The Common Cellular Events in the Neurodegenerative Diseases and the Associated Role of Endoplasmic Reticulum Stress

Abstract

Neurodegenerative diseases are inseparably linked with aging and increase as life expectancy extends. There are common dysfunctions in various cellular events shared among neurogenerative diseases, such as calcium dyshomeostasis, neuroinflammation, and age-associated decline in the autophagy-lysosome system. However, most of all, the prominent pathological feature of neurodegenerative diseases is the toxic buildup of misfolded protein aggregates and inclusion bodies accompanied by an impairment in proteostasis. Recent studies have suggested a close association between endoplasmic reticulum (ER) stress and neurodegenerative pathology in cellular and animal models as well as in human patients. The contribution of mutant or misfolded protein-triggered ER stress and its associated signaling events, such as unfolded protein response (UPR), to the pathophysiology of various neurodegenerative disorders, including Alzheimer's, Parkinson's, and Huntington's disease, amyotrophic lateral sclerosis, and prion disease, is described here. Impaired UPR action is commonly attributed to exacerbated ER stress, pathogenic protein aggregate accumulation, and deteriorating neurodegenerative pathologies. Thus, activating certain UPR components has been shown to alleviate ER stress and its associated neurodegeneration. However, uncontrolled activation of some UPR factors has also been demonstrated to worsen neurodegenerative phenotypes, suggesting that detailed molecular mechanisms around ER stress and its related neurodegenerations should be understood to develop effective therapeutics against aging-associated neurological syndromes. We also discuss current therapeutic endeavors, such as the development of small molecules that selectively target individual UPR components and address ER stress in general.
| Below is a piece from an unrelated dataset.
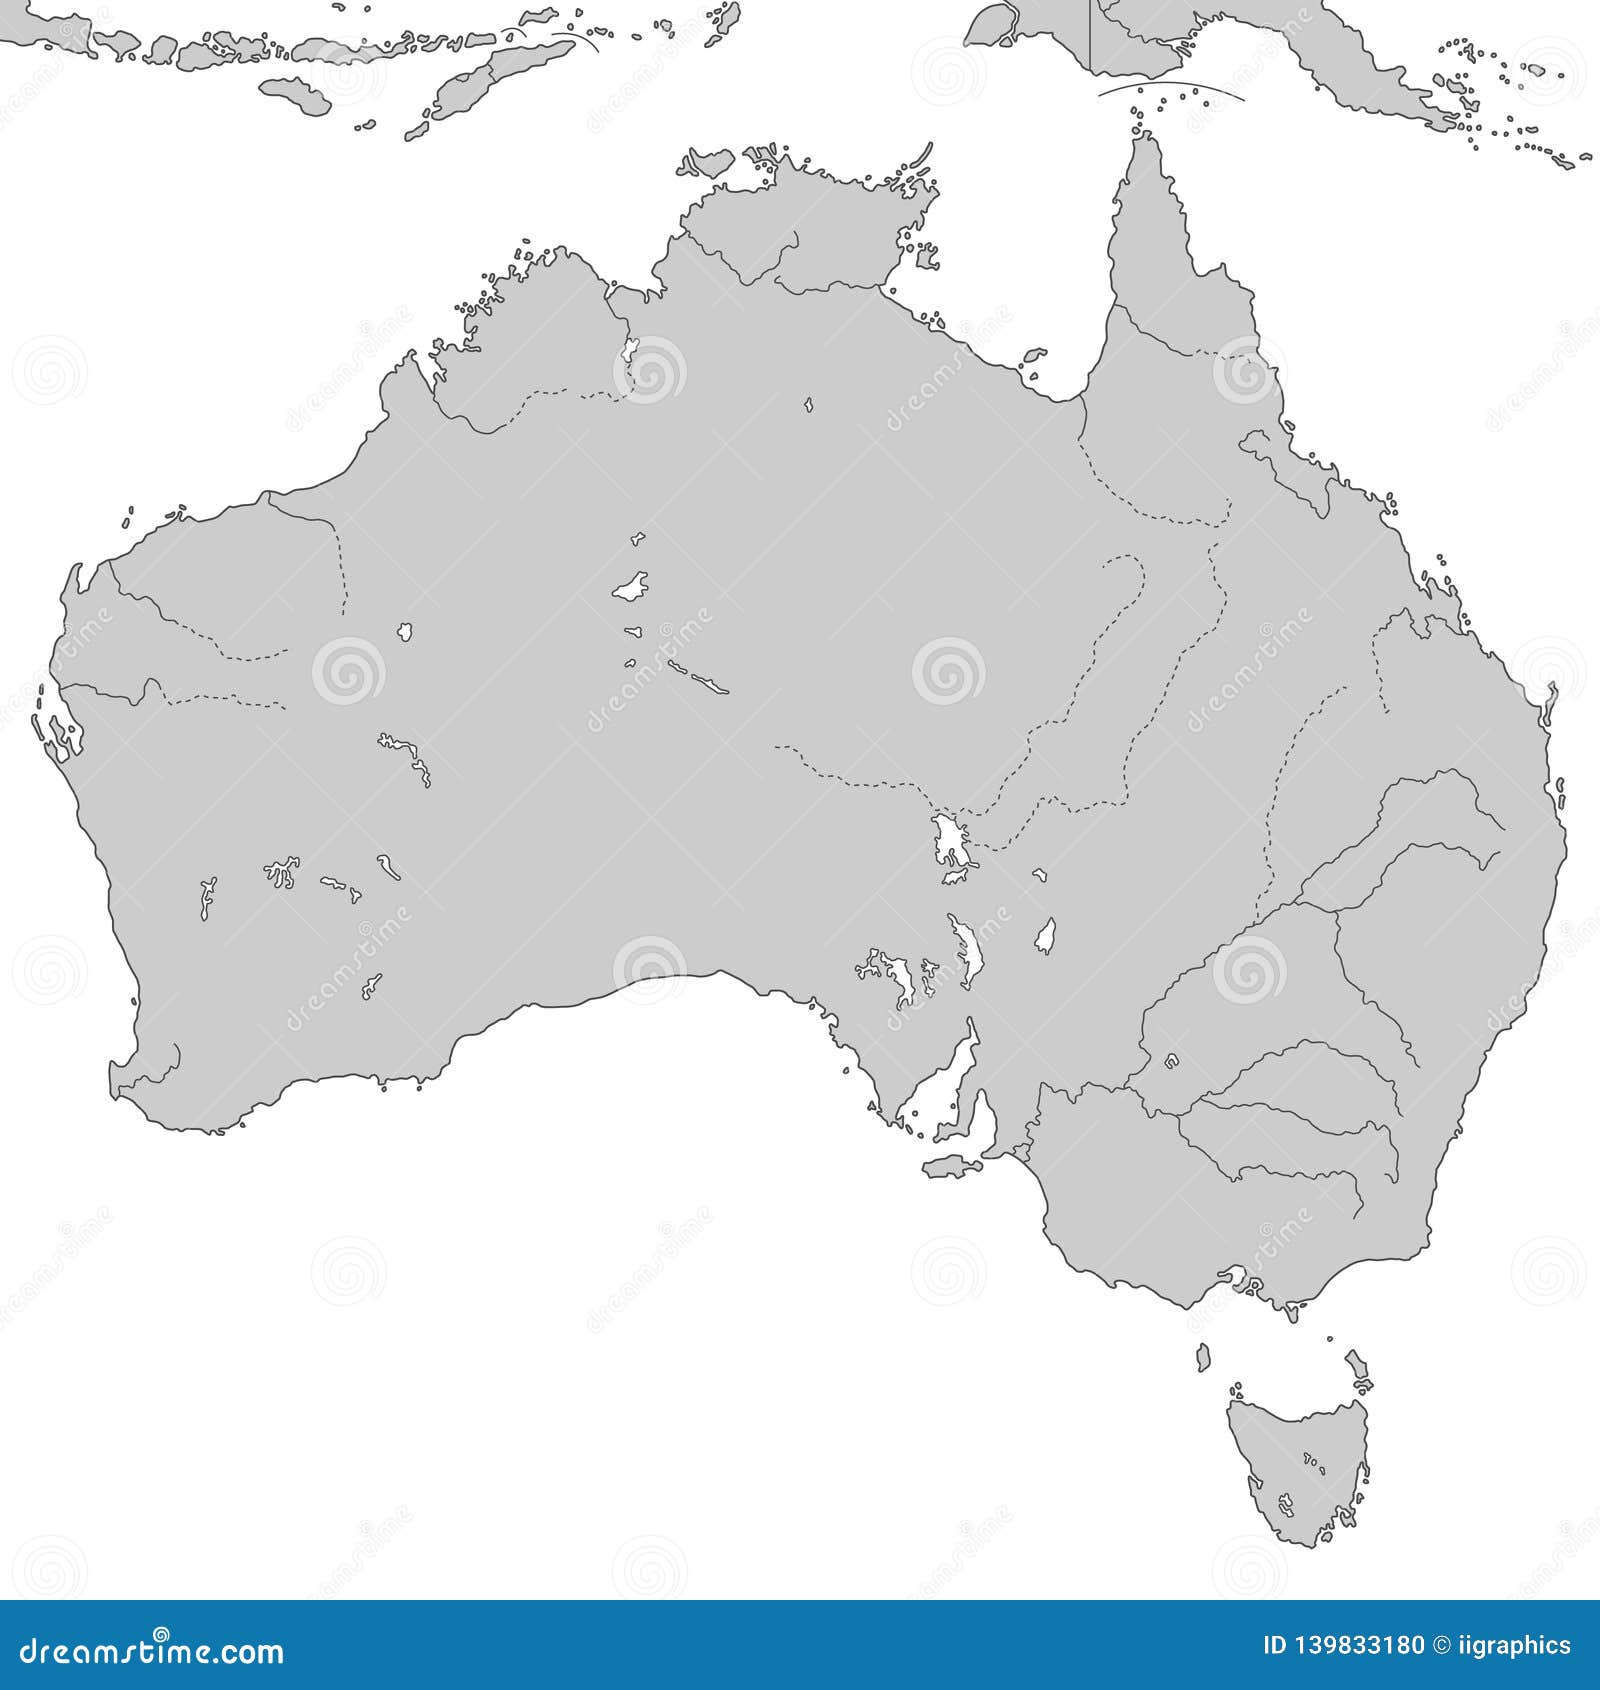 Контурные карты австралия 10 класс. Контурная карта Австралии. Конрурнаякарта Австралии. Карта Австралии черно белая. Контурная карота Австралии.
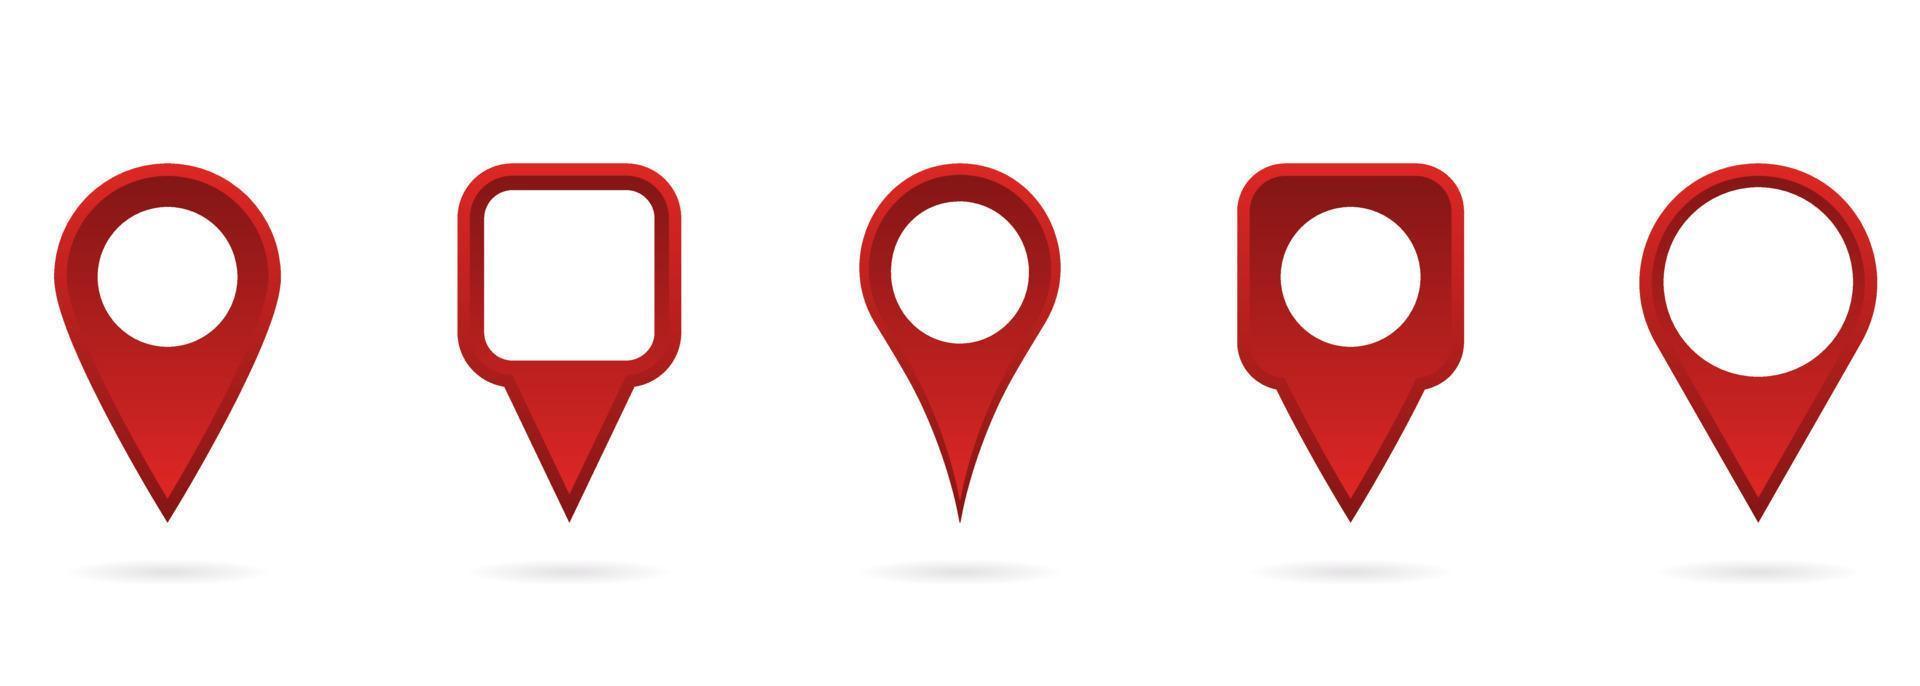 röd platspekare på vit bakgrund. samling av röd gps-tagg och häftstift. ikon för kartmarkörpunkter. pekaren navigering symbol. isolerade vektor illustration.

Keywords: Alzheimer’s disease; ER stress; Huntington’s disease; Parkinson’s disease; amyotrophic lateral sclerosis; endoplasmic reticulum; misfolded protein; neurodegenerative disease; prion disease; unfolded protein response.

Figure 1

Summary of UPR signaling cascade. UPR is initiated by GRP78’s dissociation from UPR components on the ER membrane under ER stress. PERK and IRE1 undergo autotransphosphorylation after their dimerization or oligomerization, and ATF6 is translocated to Golgi and cleaved by protease S1P and S2P. UPR activation enhances target gene expression to restore ER protein folding capacity or triggers cell death. TXNIP induced by PERK and IRE1 also activates the inflammasome and triggers subsequent cell death.

Figure 2

Misfolded protein clearance by autophagy and ERAD. For ERAD, unfolded/misfolded proteins are retrotranslocated to the cytosol through retrotranslocons such as Derlin and Hrd1, and ubiquitinated by E3 ligase (e.g., Hrd1; Sel1 is a cofactor of Hrd1). Polyubiquitinated ERAD substrate proteins are recognized and degraded by 26S proteasome in the cytosol. Protein aggregates, macromolecules, and organelles are also cleared via the autophagy-lysosomal pathway.

Figure 3

ER stress and neurodegeneration triggered by misfolded protein aggregates. Genetic mutations, aging, environmental insults, and various cellular stresses disrupt ER protein quality control and proper folding of proteins. Increased protein misfolding induces ER stress and accelerates the accumulation of disease-associated protein aggregates. ER chaperone activities and UPR pathways are enhanced as adaptive stress responses to alleviate ER stress. As a result, various chaperones and protein clearance mechanisms such as autophagy and ERAD contribute to refolding or eliminating misfolded proteins. However, when sustained ER stress in the neuron exceeds the capacity of adaptive responses to cope with protein misfolding, ER stress can lead to neuronal cell death and neuroinflammation, contributing to the development of neurodegenerative pathologies.